§ **Supplied records**:
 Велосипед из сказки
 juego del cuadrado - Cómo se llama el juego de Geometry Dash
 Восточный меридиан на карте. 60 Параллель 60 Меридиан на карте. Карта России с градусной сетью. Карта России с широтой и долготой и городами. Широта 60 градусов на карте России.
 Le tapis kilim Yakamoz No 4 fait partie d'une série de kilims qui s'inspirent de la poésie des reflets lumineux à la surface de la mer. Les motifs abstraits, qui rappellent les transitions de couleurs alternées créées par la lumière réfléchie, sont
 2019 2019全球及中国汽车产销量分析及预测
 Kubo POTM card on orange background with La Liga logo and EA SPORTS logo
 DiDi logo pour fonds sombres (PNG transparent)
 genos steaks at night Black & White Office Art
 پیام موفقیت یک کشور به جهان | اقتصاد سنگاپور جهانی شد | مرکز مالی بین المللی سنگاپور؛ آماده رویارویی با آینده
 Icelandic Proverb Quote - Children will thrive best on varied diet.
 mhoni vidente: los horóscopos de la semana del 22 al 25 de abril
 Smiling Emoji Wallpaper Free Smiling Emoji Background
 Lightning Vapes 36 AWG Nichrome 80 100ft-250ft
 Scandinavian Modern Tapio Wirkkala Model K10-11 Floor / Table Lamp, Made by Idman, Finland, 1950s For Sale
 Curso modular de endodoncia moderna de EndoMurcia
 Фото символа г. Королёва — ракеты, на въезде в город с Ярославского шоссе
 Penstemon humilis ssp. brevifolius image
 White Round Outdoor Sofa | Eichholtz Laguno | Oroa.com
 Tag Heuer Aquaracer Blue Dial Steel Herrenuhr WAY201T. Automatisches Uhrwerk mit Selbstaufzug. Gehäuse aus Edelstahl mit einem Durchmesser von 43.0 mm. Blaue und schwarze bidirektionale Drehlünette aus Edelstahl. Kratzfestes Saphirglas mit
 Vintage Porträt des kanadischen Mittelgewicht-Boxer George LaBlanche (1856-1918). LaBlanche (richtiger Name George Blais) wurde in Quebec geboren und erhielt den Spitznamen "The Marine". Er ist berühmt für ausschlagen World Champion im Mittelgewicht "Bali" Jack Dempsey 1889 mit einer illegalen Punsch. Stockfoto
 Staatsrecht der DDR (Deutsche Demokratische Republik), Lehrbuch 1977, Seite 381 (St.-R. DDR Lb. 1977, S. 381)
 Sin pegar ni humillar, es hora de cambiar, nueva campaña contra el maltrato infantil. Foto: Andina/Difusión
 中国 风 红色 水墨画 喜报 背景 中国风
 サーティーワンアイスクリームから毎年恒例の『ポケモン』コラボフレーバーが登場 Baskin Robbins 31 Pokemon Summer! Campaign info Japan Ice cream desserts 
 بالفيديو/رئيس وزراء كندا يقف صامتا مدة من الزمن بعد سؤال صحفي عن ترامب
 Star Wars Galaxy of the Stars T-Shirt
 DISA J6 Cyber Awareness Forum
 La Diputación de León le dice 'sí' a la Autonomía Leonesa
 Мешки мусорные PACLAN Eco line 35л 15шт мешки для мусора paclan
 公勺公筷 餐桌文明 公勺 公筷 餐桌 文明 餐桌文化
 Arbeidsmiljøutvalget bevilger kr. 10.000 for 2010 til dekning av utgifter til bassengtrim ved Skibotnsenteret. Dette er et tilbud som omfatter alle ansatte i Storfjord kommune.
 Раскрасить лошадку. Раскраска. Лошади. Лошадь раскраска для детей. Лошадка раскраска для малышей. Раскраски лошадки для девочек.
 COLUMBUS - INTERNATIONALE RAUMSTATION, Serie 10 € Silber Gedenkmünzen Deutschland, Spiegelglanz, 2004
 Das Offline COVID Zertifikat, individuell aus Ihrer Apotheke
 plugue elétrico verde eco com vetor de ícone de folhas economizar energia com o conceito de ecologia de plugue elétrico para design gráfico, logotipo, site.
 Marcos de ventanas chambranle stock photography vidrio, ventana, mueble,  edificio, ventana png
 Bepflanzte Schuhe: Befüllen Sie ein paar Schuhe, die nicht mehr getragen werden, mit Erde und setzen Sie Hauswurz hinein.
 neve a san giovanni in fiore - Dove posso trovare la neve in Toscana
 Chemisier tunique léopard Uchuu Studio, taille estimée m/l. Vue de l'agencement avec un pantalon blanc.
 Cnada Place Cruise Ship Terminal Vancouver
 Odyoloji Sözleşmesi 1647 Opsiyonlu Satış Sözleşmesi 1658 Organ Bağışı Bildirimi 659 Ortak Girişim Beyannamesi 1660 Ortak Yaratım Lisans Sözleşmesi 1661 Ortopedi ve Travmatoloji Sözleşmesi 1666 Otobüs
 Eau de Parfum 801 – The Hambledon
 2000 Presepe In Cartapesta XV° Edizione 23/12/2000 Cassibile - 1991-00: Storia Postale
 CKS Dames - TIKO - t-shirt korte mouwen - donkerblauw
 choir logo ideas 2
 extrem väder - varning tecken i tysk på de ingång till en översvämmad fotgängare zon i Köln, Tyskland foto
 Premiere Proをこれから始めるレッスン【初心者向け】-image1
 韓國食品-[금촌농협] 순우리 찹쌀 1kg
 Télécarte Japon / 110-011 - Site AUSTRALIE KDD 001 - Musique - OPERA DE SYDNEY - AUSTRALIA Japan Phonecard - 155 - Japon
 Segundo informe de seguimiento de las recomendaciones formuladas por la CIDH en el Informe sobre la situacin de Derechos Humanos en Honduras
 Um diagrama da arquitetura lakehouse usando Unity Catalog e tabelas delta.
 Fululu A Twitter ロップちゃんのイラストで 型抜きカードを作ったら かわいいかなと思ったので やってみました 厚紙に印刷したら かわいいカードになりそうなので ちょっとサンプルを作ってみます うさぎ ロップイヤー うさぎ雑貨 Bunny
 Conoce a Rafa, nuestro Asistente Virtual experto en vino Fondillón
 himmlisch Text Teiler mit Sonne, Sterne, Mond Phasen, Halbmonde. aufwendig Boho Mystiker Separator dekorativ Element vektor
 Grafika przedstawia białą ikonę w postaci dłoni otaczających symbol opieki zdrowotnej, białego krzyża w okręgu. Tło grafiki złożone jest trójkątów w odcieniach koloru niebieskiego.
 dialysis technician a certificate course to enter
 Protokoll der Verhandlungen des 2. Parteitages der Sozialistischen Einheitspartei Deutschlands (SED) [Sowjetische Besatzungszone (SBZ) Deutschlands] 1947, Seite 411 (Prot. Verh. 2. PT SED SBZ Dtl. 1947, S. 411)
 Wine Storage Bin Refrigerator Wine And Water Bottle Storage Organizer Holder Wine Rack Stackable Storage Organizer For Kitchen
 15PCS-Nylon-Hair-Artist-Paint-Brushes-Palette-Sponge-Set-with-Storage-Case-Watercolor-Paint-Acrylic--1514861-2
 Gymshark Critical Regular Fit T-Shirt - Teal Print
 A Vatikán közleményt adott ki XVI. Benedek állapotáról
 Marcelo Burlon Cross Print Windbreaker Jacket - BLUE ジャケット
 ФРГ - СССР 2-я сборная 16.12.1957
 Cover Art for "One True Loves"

§ **What you should do**:
Give back the entries exactly, so that each line matches the original.

§ **The completed task**:
 Велосипед из сказки
 juego del cuadrado - Cómo se llama el juego de Geometry Dash
 Восточный меридиан на карте. 60 Параллель 60 Меридиан на карте. Карта России с градусной сетью. Карта России с широтой и долготой и городами. Широта 60 градусов на карте России.
 Le tapis kilim Yakamoz No 4 fait partie d'une série de kilims qui s'inspirent de la poésie des reflets lumineux à la surface de la mer. Les motifs abstraits, qui rappellent les transitions de couleurs alternées créées par la lumière réfléchie, sont
 2019 2019全球及中国汽车产销量分析及预测
 Kubo POTM card on orange background with La Liga logo and EA SPORTS logo
 DiDi logo pour fonds sombres (PNG transparent)
 genos steaks at night Black & White Office Art
 پیام موفقیت یک کشور به جهان | اقتصاد سنگاپور جهانی شد | مرکز مالی بین المللی سنگاپور؛ آماده رویارویی با آینده
 Icelandic Proverb Quote - Children will thrive best on varied diet.
 mhoni vidente: los horóscopos de la semana del 22 al 25 de abril
 Smiling Emoji Wallpaper Free Smiling Emoji Background
 Lightning Vapes 36 AWG Nichrome 80 100ft-250ft
 Scandinavian Modern Tapio Wirkkala Model K10-11 Floor / Table Lamp, Made by Idman, Finland, 1950s For Sale
 Curso modular de endodoncia moderna de EndoMurcia
 Фото символа г. Королёва — ракеты, на въезде в город с Ярославского шоссе
 Penstemon humilis ssp. brevifolius image
 White Round Outdoor Sofa | Eichholtz Laguno | Oroa.com
 Tag Heuer Aquaracer Blue Dial Steel Herrenuhr WAY201T. Automatisches Uhrwerk mit Selbstaufzug. Gehäuse aus Edelstahl mit einem Durchmesser von 43.0 mm. Blaue und schwarze bidirektionale Drehlünette aus Edelstahl. Kratzfestes Saphirglas mit
 Vintage Porträt des kanadischen Mittelgewicht-Boxer George LaBlanche (1856-1918). LaBlanche (richtiger Name George Blais) wurde in Quebec geboren und erhielt den Spitznamen "The Marine". Er ist berühmt für ausschlagen World Champion im Mittelgewicht "Bali" Jack Dempsey 1889 mit einer illegalen Punsch. Stockfoto
 Staatsrecht der DDR (Deutsche Demokratische Republik), Lehrbuch 1977, Seite 381 (St.-R. DDR Lb. 1977, S. 381)
 Sin pegar ni humillar, es hora de cambiar, nueva campaña contra el maltrato infantil. Foto: Andina/Difusión
 中国 风 红色 水墨画 喜报 背景 中国风
 サーティーワンアイスクリームから毎年恒例の『ポケモン』コラボフレーバーが登場 Baskin Robbins 31 Pokemon Summer! Campaign info Japan Ice cream desserts 
 بالفيديو/رئيس وزراء كندا يقف صامتا مدة من الزمن بعد سؤال صحفي عن ترامب
 Star Wars Galaxy of the Stars T-Shirt
 DISA J6 Cyber Awareness Forum
 La Diputación de León le dice 'sí' a la Autonomía Leonesa
 Мешки мусорные PACLAN Eco line 35л 15шт мешки для мусора paclan
 公勺公筷 餐桌文明 公勺 公筷 餐桌 文明 餐桌文化
 Arbeidsmiljøutvalget bevilger kr. 10.000 for 2010 til dekning av utgifter til bassengtrim ved Skibotnsenteret. Dette er et tilbud som omfatter alle ansatte i Storfjord kommune.
 Раскрасить лошадку. Раскраска. Лошади. Лошадь раскраска для детей. Лошадка раскраска для малышей. Раскраски лошадки для девочек.
 COLUMBUS - INTERNATIONALE RAUMSTATION, Serie 10 € Silber Gedenkmünzen Deutschland, Spiegelglanz, 2004
 Das Offline COVID Zertifikat, individuell aus Ihrer Apotheke
 plugue elétrico verde eco com vetor de ícone de folhas economizar energia com o conceito de ecologia de plugue elétrico para design gráfico, logotipo, site.
 Marcos de ventanas chambranle stock photography vidrio, ventana, mueble,  edificio, ventana png
 Bepflanzte Schuhe: Befüllen Sie ein paar Schuhe, die nicht mehr getragen werden, mit Erde und setzen Sie Hauswurz hinein.
 neve a san giovanni in fiore - Dove posso trovare la neve in Toscana
 Chemisier tunique léopard Uchuu Studio, taille estimée m/l. Vue de l'agencement avec un pantalon blanc.
 Cnada Place Cruise Ship Terminal Vancouver
 Odyoloji Sözleşmesi 1647 Opsiyonlu Satış Sözleşmesi 1658 Organ Bağışı Bildirimi 659 Ortak Girişim Beyannamesi 1660 Ortak Yaratım Lisans Sözleşmesi 1661 Ortopedi ve Travmatoloji Sözleşmesi 1666 Otobüs
 Eau de Parfum 801 – The Hambledon
 2000 Presepe In Cartapesta XV° Edizione 23/12/2000 Cassibile - 1991-00: Storia Postale
 CKS Dames - TIKO - t-shirt korte mouwen - donkerblauw
 choir logo ideas 2
 extrem väder - varning tecken i tysk på de ingång till en översvämmad fotgängare zon i Köln, Tyskland foto
 Premiere Proをこれから始めるレッスン【初心者向け】-image1
 韓國食品-[금촌농협] 순우리 찹쌀 1kg
 Télécarte Japon / 110-011 - Site AUSTRALIE KDD 001 - Musique - OPERA DE SYDNEY - AUSTRALIA Japan Phonecard - 155 - Japon
 Segundo informe de seguimiento de las recomendaciones formuladas por la CIDH en el Informe sobre la situacin de Derechos Humanos en Honduras
 Um diagrama da arquitetura lakehouse usando Unity Catalog e tabelas delta.
 Fululu A Twitter ロップちゃんのイラストで 型抜きカードを作ったら かわいいかなと思ったので やってみました 厚紙に印刷したら かわいいカードになりそうなので ちょっとサンプルを作ってみます うさぎ ロップイヤー うさぎ雑貨 Bunny
 Conoce a Rafa, nuestro Asistente Virtual experto en vino Fondillón
 himmlisch Text Teiler mit Sonne, Sterne, Mond Phasen, Halbmonde. aufwendig Boho Mystiker Separator dekorativ Element vektor
 Grafika przedstawia białą ikonę w postaci dłoni otaczających symbol opieki zdrowotnej, białego krzyża w okręgu. Tło grafiki złożone jest trójkątów w odcieniach koloru niebieskiego.
 dialysis technician a certificate course to enter
 Protokoll der Verhandlungen des 2. Parteitages der Sozialistischen Einheitspartei Deutschlands (SED) [Sowjetische Besatzungszone (SBZ) Deutschlands] 1947, Seite 411 (Prot. Verh. 2. PT SED SBZ Dtl. 1947, S. 411)
 Wine Storage Bin Refrigerator Wine And Water Bottle Storage Organizer Holder Wine Rack Stackable Storage Organizer For Kitchen
 15PCS-Nylon-Hair-Artist-Paint-Brushes-Palette-Sponge-Set-with-Storage-Case-Watercolor-Paint-Acrylic--1514861-2
 Gymshark Critical Regular Fit T-Shirt - Teal Print
 A Vatikán közleményt adott ki XVI. Benedek állapotáról
 Marcelo Burlon Cross Print Windbreaker Jacket - BLUE ジャケット
 ФРГ - СССР 2-я сборная 16.12.1957
 Cover Art for "One True Loves"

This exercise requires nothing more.